Do the calculations and one finds that trams become more economic to operate on most transit routes when ridership exceeds 2,000 pphpd.
http://railforthevalley.wordpress.com/2010/05/20/the-1986-lrta-study-bus-lrt-metro-comparison/
Now the hoary old debate about speed. Speed of a transit system is not and I repeat, is not the prime reason for attracting ridership; it is a combination of many factors including speed (when compared to a bus only) that attract people to transit.
SkyTrain’s higher commercial speeds come from a penalty of a lack of stations – the fewer the stations, the higher the commercial speed of a transit system.
Studies have shown that in an urban area, ‘rail’ transit should have a stop every 500m to 600m to maximize customer demand. One may build a high speed subway, but with stations every 1 km to 1.5 km apart, many potential customers will just take the car instead as it will be more convenient. We seem to forget that the prime reason we have public transit is to move people, efficiently and affordable, something we are now lacking in our planning.
Zwei:
It’s true streetcars are often kept in service longer than buses, but I think 50 years, in most cases, is an exaggeration compared what we can expect. Toronto had to do a major rebuild of their streetcars in 2006, with most starting service in the very late 70′s to 1981, or 1983 for articulated ones. That compares to Vancouver’s trolleybuses, which were brought into service in 1982, about the same time, and were removed from Vancouver, I think in 2007, but as far as I’m aware are still in use in Argentina, where they were sold to. At the same time, Toronto is replacing its streetcar fleet as we speak, and in fact must replace it unless they choose to do a substantial rebuild.

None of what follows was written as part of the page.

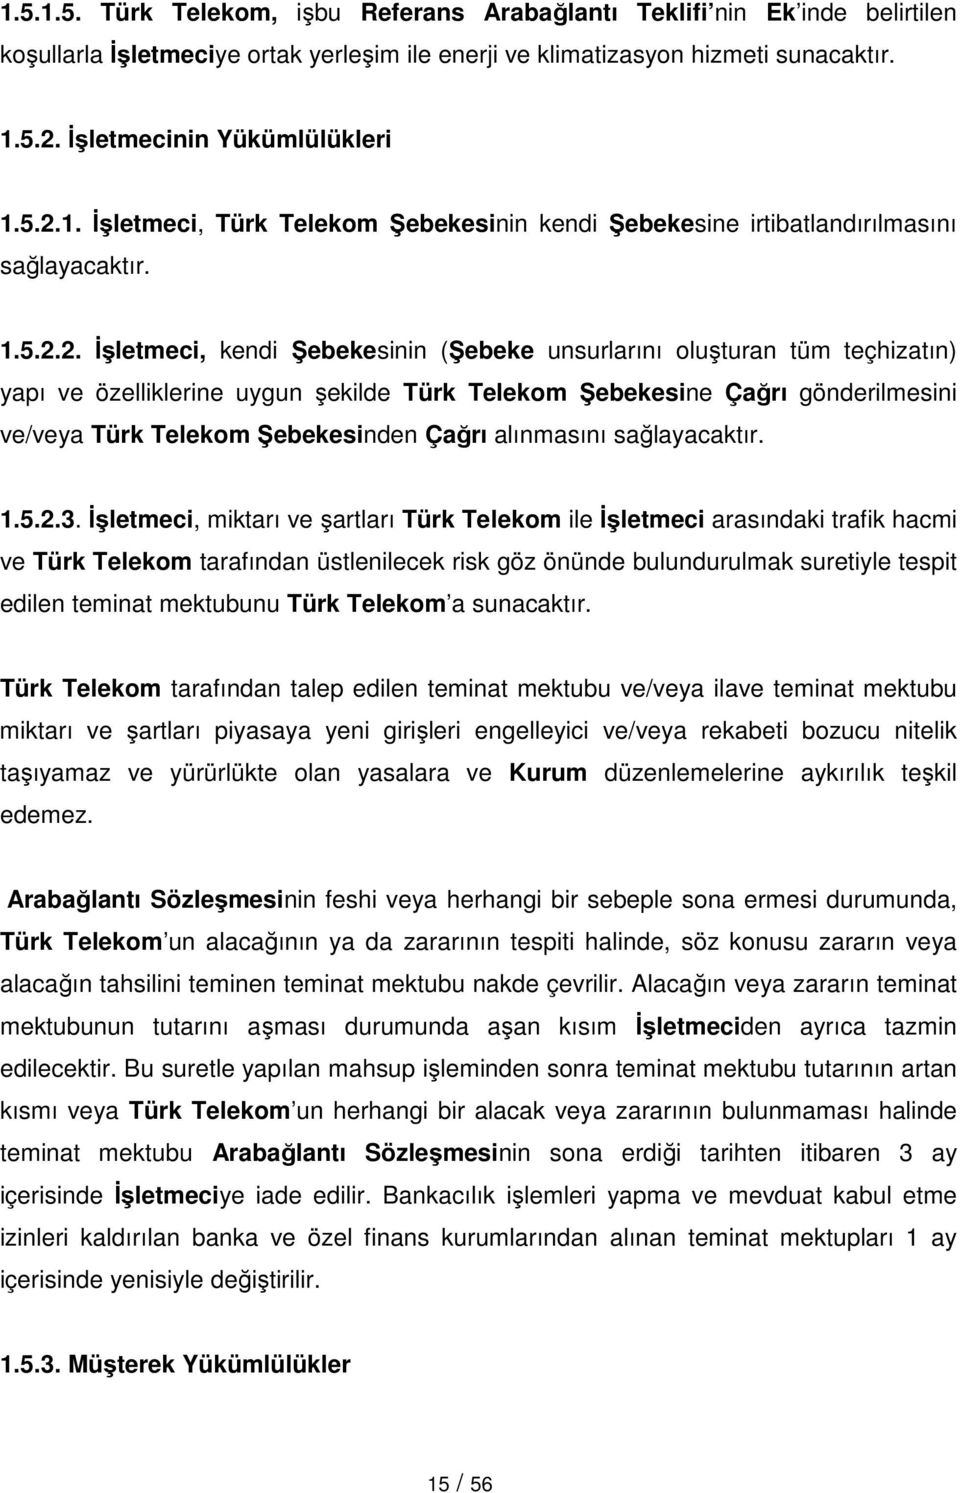 1. Đşletmeci, Türk Telekom Şebekesinin kendi Şebekesine irtibatlandırılmasını sağlayacaktır. 1.5.2.

At least in this example, streetcars haven’t outlived trollybuses by a significant margin, though they did last a few years longer. I’m not sure how this stacks up to other situations, however, or how expensive the rebuild was compared to purchasing a new trolleybus.
Remember: It only cost $273 million for 188 regular and 40 articulated trolleybuses. I can’t find the breakdown for how much each of those cost, unfortunately. That would make a much better comparison.
As for the idea that we could save money by operating fewer streetcars than buses. You say a streetcar is worth 6-8 buses, but the Flexity Outlook seems to have capacity for 179 people, at least the ones in Frankfurt that I found stats for. That’s a little more than double the articulated trolley bus capacity, if I’m right, of about 80 or so. Not exactly 6-8 times.
I’m sure you can run trains, but remember, the length is limited by street blocks. I haven’t done the final math of course, but in this case I don’t think the finances work out to significant savings.
At the same time, as I stated before, the only way we could save operational costs by operating longer streetcars is if we reduce frequency on existing trolleybus routes. Right now my bus, the #8 Fraser, is nowhere near capacity, and to replace it with a streetcar would mean either wasted money on a needless capacity improvement, or longer waits for the train than the bus, which is a service reduction I would notice and which would make me less likely to ride. I can already bike downtown in about the same time as the bus takes, so why would I wait longer? Certainly if you can drive, you would do the same. And I believe frequency of service and reliability to be the two most important features in choosing whether to take transit, both of which would be negatively affected (at least without dedicated lanes)
So no, as I’ve argued before, streetcars would mean a reduction of service or at the very best no change in operating cost despite a large up-front capital cost. I’ll admit that in looking this up, the long-term replacement costs look better for streetcars than I initially thought, and given an increase in capacity could easily be made to make sense, but that shouldn’t be treated as a rapid transit system, because it won’t be, and it’s contingent upon an increase in capacity. I’m certainly not against a study specific to Vancouver to see if tramss could be operated cheaper, but I don’t see it as likely for the above reasons.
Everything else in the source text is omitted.